How To Keep Your Dogs Sane and Safe During COVID-19

Lori Ennis
by Lori Ennis
Odds are, you and your family members are a lot closer than you ever have been. That includes your furry family members. While the extra togetherness time is a bit of a gift in rough wrapping, you may be wondering how to stay sane (and safe) with everybody cooped up together!

With COVID-19 warranting quarantines, shelter-in-place orders and the shutdown of most schools across the United States for at least the next couple of weeks, you and your family are probably spending a good bit of time together.

We’re talking a LOT, actually. You may be teleworking and trying to keep the kids up to date on their studies and you at home with your dogs means they’re ALL about playtime.

And of course, initially, you’re all about it too. But let’s be real…too much of a ‘good’ thing can still be too much.

So what can you do to make sure that you and your family members, furry included, stay both safe AND sane while the Coronavirus chaos ensues?

We’re glad you asked!

1. GET OUTSIDE. Yes, get outside. Just stay away from people when you’re doing it. The CDC and World Health Organization strongly recommend getting outside, getting fresh air and enjoying the Vitamin D the sunshine brings. It’s already been a warm winter, and with spring about to start? No better time than to start that exercise routine you’ve been thinking about or that extra training you were hoping to do with your dog when you had a bit more time. Take walks, go on runs, find trails untrodden. Just make sure that your kids stay off playground equipment (as the virus can live on plastic playground equipment for 2-3 days, researchers believe). And, because we know the paws of our pups are not the cleanest of clean anyway, it’s not a bad idea for them to wear slippers either. A couple of our favorites are Pawz Rubber Dog Boots in multiples or Poochy Pawz for more of a designer look!

Related: 9 Fresh Ways to Keep Your Dog’s Paws Clean

2. Practice BETTER hygiene. According to the New York State Veterinary Medical Society, the disease is spread to humans through person-to-person contact. NO reports of pets or livestock becoming ill or spreading the virus in the U.S. exist, and the CDC says there should be no concern of the virus transmitting to or from your dog. Still, in this time of a highly contagious virus shutting the world down, even MORE vigilance in your hygiene routine is wise.

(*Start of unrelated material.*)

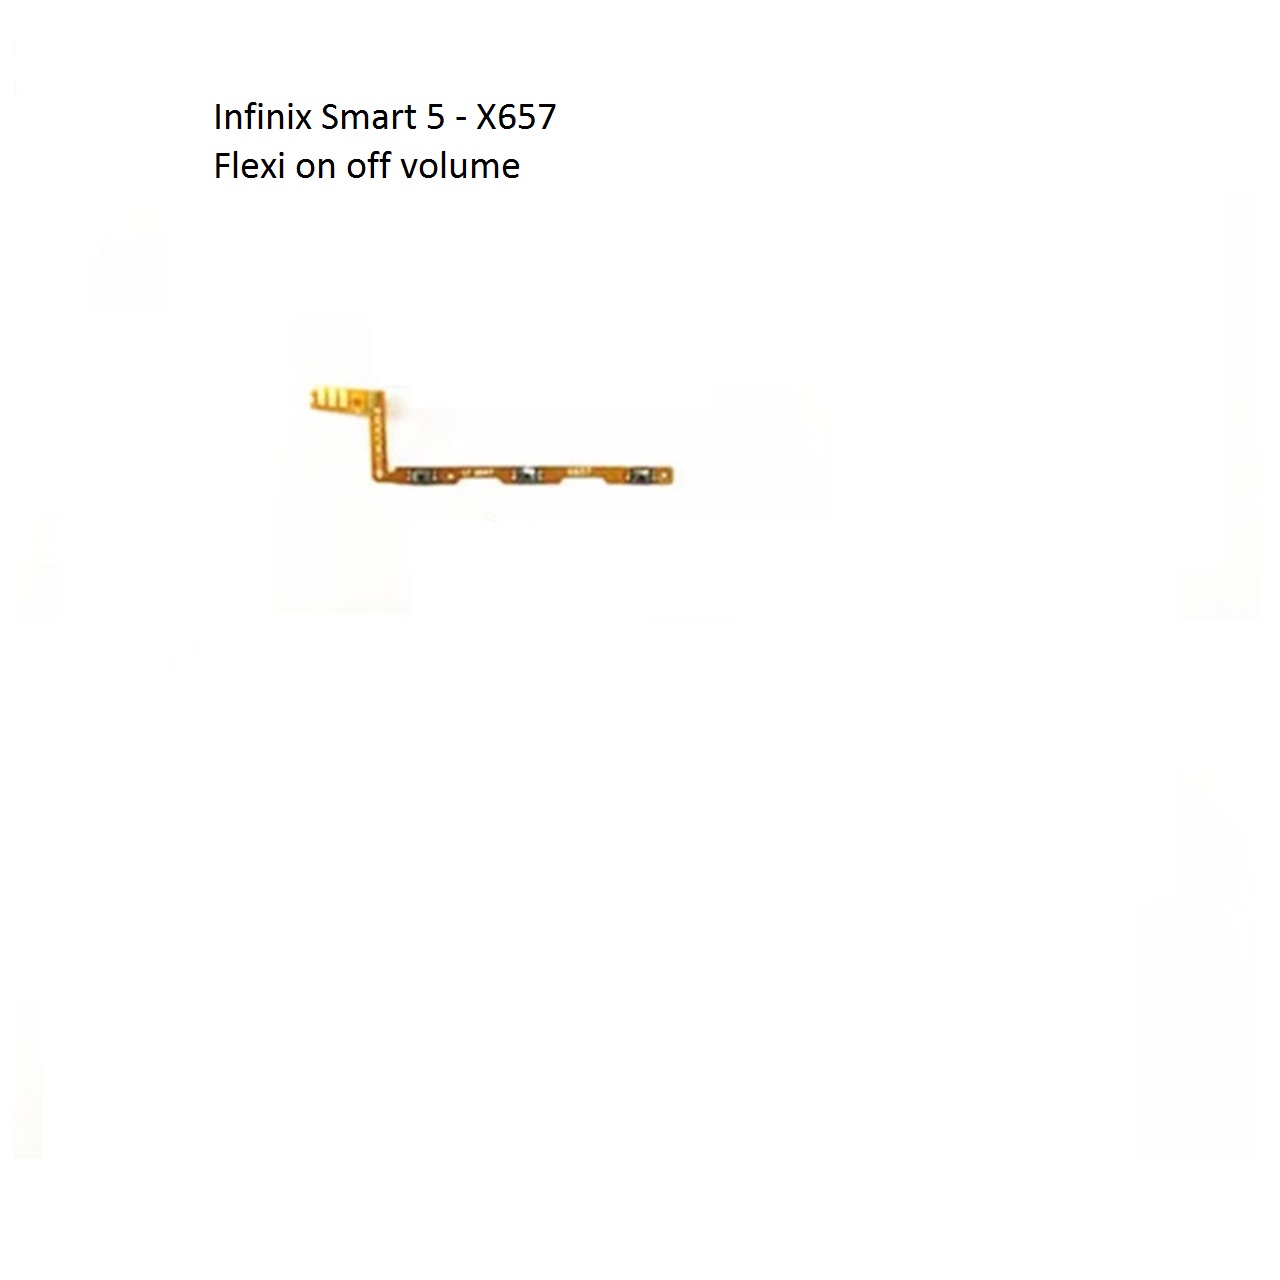 FLEXI-ON-OFF-VOLUME-INFINIX-X657-INFINIX-SMART-5

  • Wash your hands with SOAP and water, for AT LEAST 20 seconds, and do so often.
  • Keep your hands away from your eyes, nose and mouth. Do your best not to touch your face.
  • Be sure your pets have been vaccinated for all other potential diseases as your veterinarian recommends.
  • If you or someone you are close to contracts COVID-19, limit your contact with your pets just as you would for your human family members.
  • The CDC recommends you avoid snuggling, being kissed or licked by or sharing food with your pet, and if you do, wash your hands thoroughly before and after you interact with your pets.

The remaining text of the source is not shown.